Disneynature’s 2017 documentary Born in China was a fantastic look at the youngest years of some of the East’s most iconic beasts, including the elusive panda and the irascible golden monkey. However, while those filmmakers were recording the animals, another team was filming the filmmakers. Expedition China is the second “making of” doc to come out of the Disneynature effort. The first, Ghosts Of The Mountains, was a grand adventure chronicling filmmakers’ attempts to catch footage of snow leopards in a high altitude wasteland with ferocious weather. Expedition China includes some of that footage, but also captures how these filmmakers were able to track pandas and get much closer to golden monkeys than was probably comfortable.
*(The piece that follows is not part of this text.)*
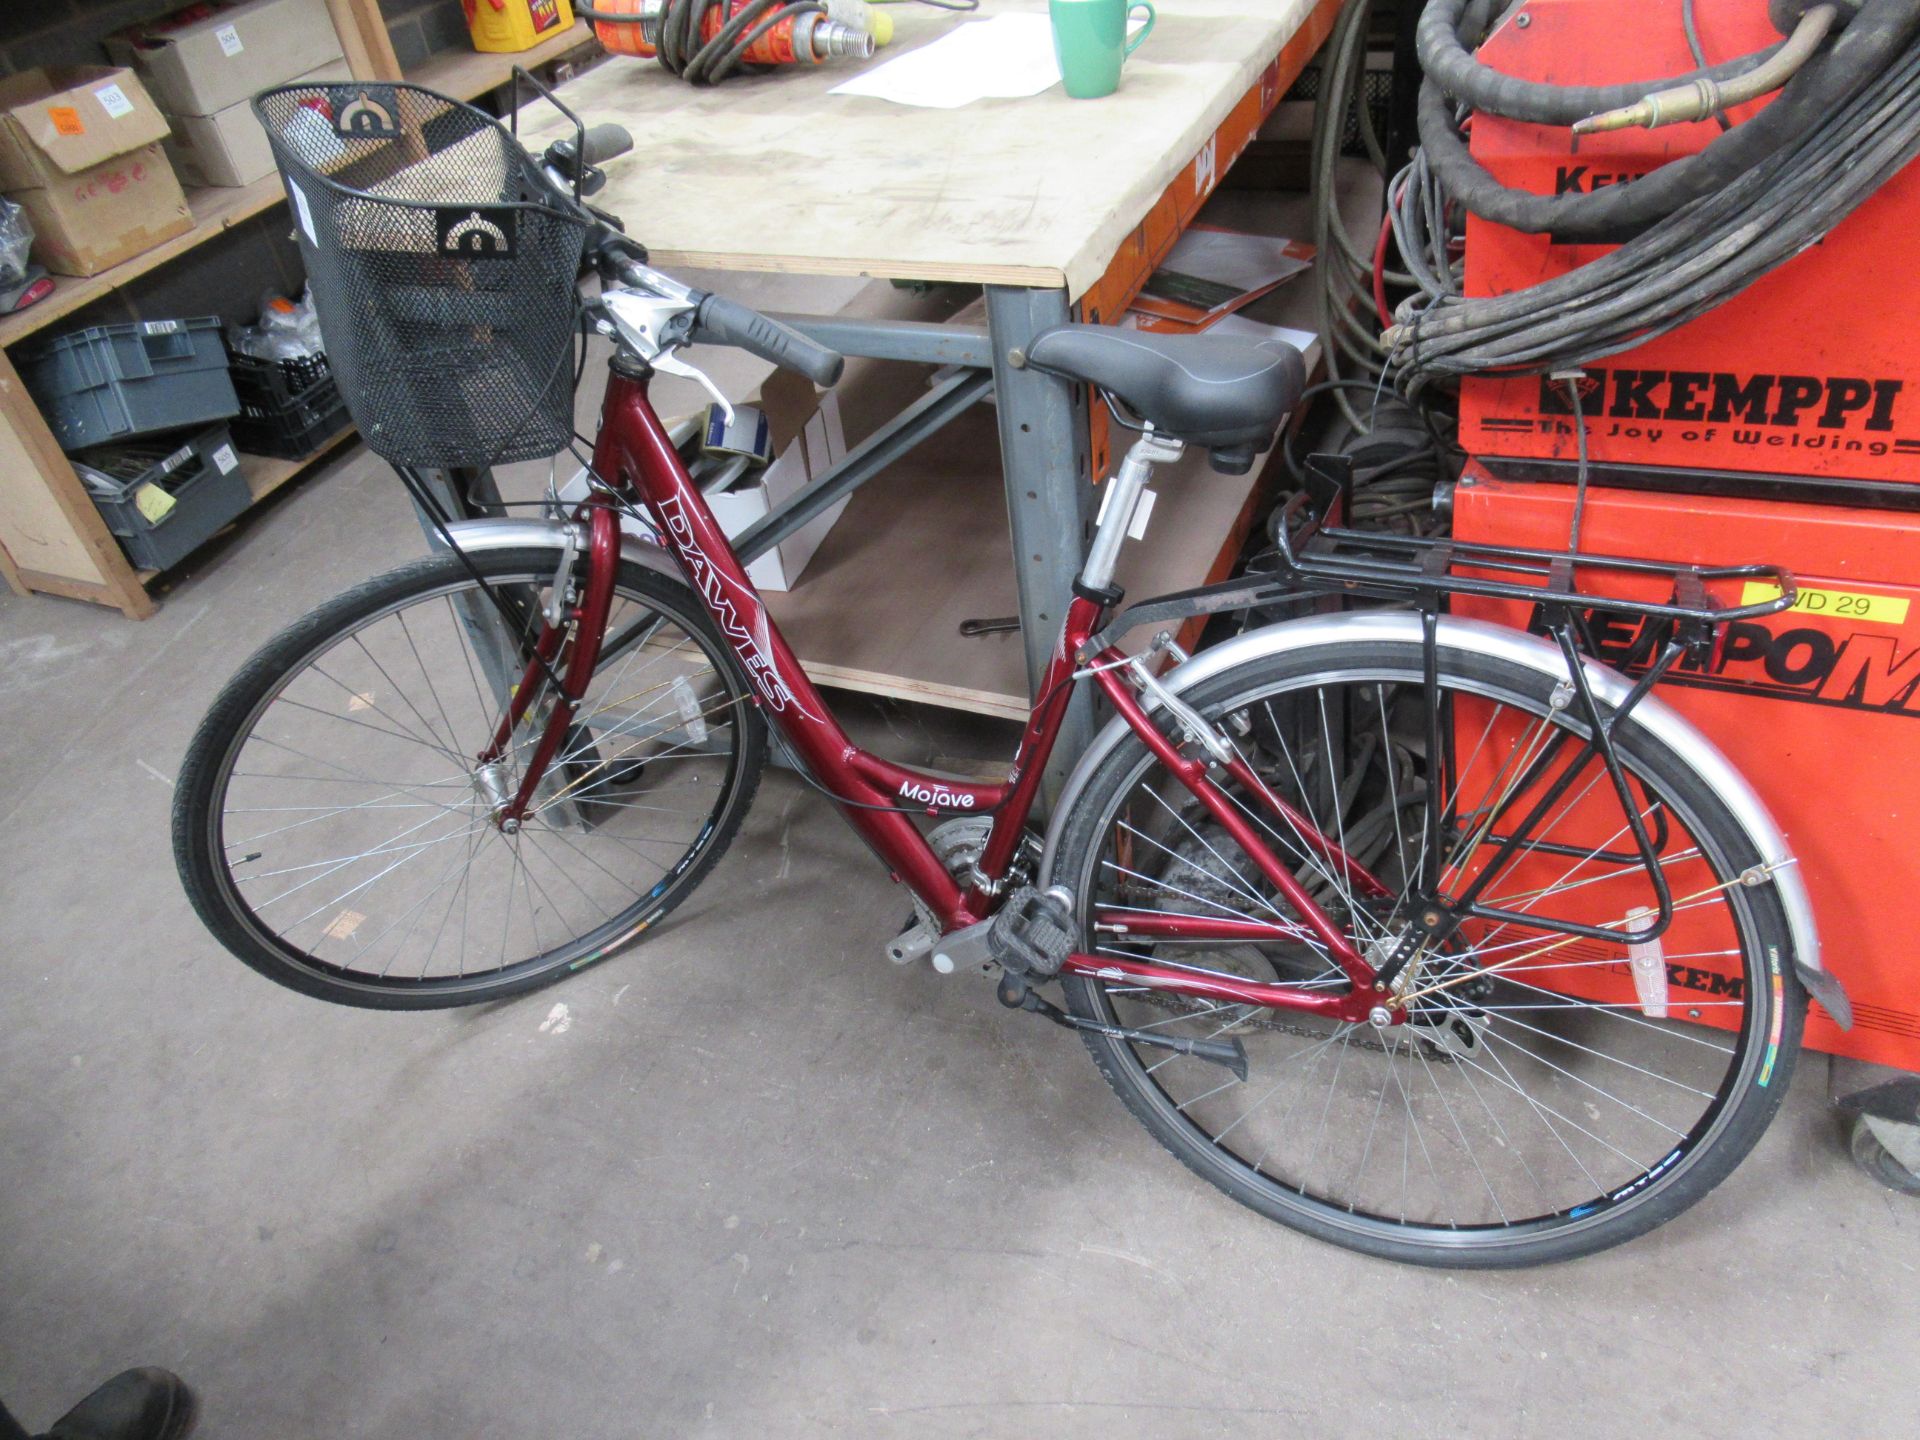 Dawes mojave bicycle with Shimano gears and front basket

Unlike the occasionally grim Born in China, Expedition China adds a human element to the animal saga that lingers less on mammalian survival and more on pure adventure.

March of the Penguins 2: The Next Step
Where to Watch: Hulu, March 23
Perfect for: Kids who loved Happy Feet
Run Time: 83 minutes

The original March of the Penguins won an Academy Award for best documentary feature in 2005. That’s not particularly surprising, considering everything the film had going for it. Along with the voice of God, Morgan Freeman, as narrator, the film told the compelling story of the Emperor penguin’s life on the arctic fringe. The original film captured the amazing trek Emperors make twice yearly to the sea to fish, as well as their year-long monogamous couple-hood and their stellar fathering. The sequel remains in familiar territory while splitting the narrative between the doings of an older, experienced Emperor and a chick who has to learn the skills of being one of the planet’s most extreme sea birds. Happily, the film is again graced with the soothing, affable narration of Freeman.

Where to Watch: Netflix, Now Streaming
Perfect for: Fans of the Nut Job
Running Time: 59 minutes

The three-part BBC series Hidden Kingdoms places viewers in the unseen landscapes of some of the earth’s most diminutive creatures. Each episode follows two animals, ranging from elephant shrews and dung beetles to Brazilian marmoset monkeys, but the stand-out is the second episode of the series, which chronicles the life of a North American chipmunk and a rainforest tree shrew. Getting up close and personal with these critters is absolutely breathtaking, particularly as filmmakers are able to slow down high speed chipmunk chases and capture night-glowing fungus in the Amazon rainforest.

Admittedly, the BBC used some creative editing to piece together their animal narratives as revealed in frank, post-episode “making of” shorts. But the artifice does little to dim the magic, and both kids and adults will be transfixed by the goings on that are close to home, but rarely glimpsed.